50482,393005,Control,15.0,191.0,52.5,M,2.0,60344.67,1.0,4.0
50483,2908510,Control,21.0,252.0,34.0,M,3.0,141808.05,6.0,9.0
50484,7230446,Test,6.0,74.0,62.0,M,2.0,58778.11,2.0,5.0
50485,5230357,Test,23.0,278.0,30.5,M,2.0,61349.70,0.0,3.0


## Mean Ages

In [8]:
info_test = round(info[info['Variation'] == 'Test']['client_age'].mean(), 3)
info_control = round(info[info['Variation'] == 'Control']['client_age'].mean(), 3)
print('Mean client age test group:', info_test)
print('Mean client age control group:', info_control)

Mean client age test group: 47.164
Mean client age control group: 47.498


In [9]:
info_test = info[info['Variation'] == 'Test']['client_age']
info_control = info[info['Variation'] == 'Control']['client_age']
t_stat, p_value = st.ttest_ind(info_test, info_control, alternative = 'two-sided', equal_var = False)

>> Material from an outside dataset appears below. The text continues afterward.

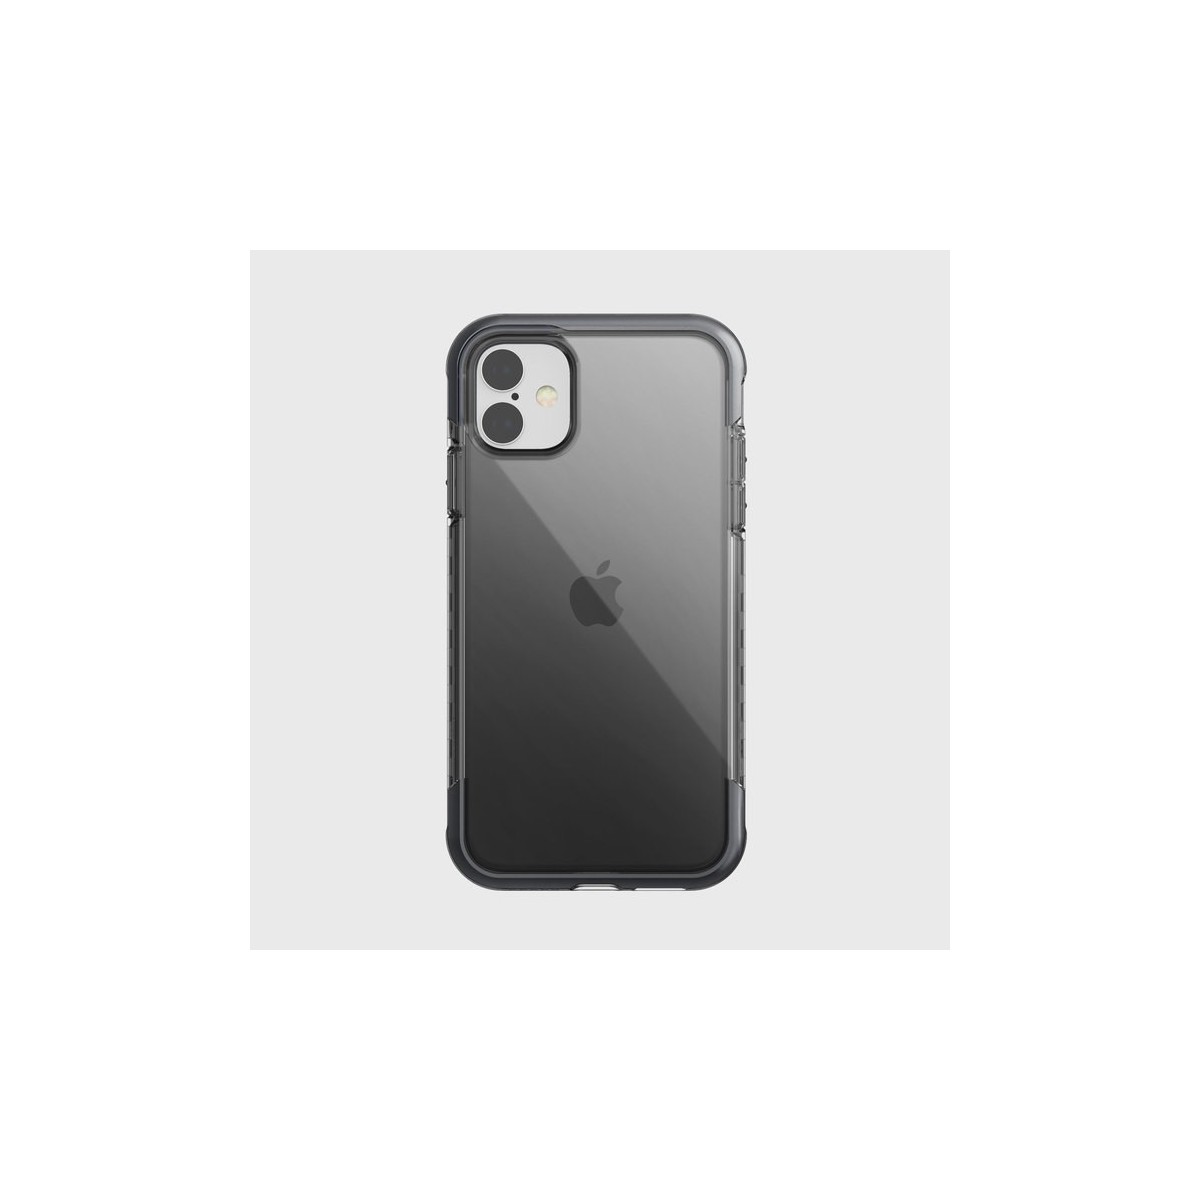 Coque iPhone Xs Max Defense Shield Noire - Xdoria

print('t_stat, p_value:', round(t_stat, 2), round(p_value, 5))
if p_value < alpha:
    print('We succesfully reject the null hypothesis: Clients in the control group are older on average.')
else: 
    print('We fail to reject the null hypothesis.')

t_stat, p_value: -2.42 0.01569
We succesfully reject the null hypothesis: Clients in the control group are older on average.


# Tenure

## Mean Tenure

In [10]:
info_test = round(info[info['Variation'] == 'Test']['client_tenure_year'].mean(), 3)
info_control = round(info[info['Variation'] == 'Control']['client_tenure_year'].mean(), 3)
print('Mean client tenure test group:', info_test)
print('Mean client tenure control group:', info_control)

Mean client tenure test group: 11.983
Mean client tenure control group: 12.088


In [11]:
info_test = info[info['Variation'] == 'Test']['client_tenure_year']
info_control = info[info['Variation'] == 'Control']['client_tenure_year']
t_stat, p_value = st.ttest_ind(info_test, info_control, alternative = 'two-sided', equal_var = False)

print('t_stat, p_value:', round(t_stat, 2), round(p_value, 5))
if p_value < alpha:
    print('We succesfully reject the null hypothesis: Clients in the control group have been with Vanguard for more years.')
else: 
    print('We fail to reject the null hypothesis.')

t_stat, p_value: -1.71 0.08647
We fail to reject the null hypothesis.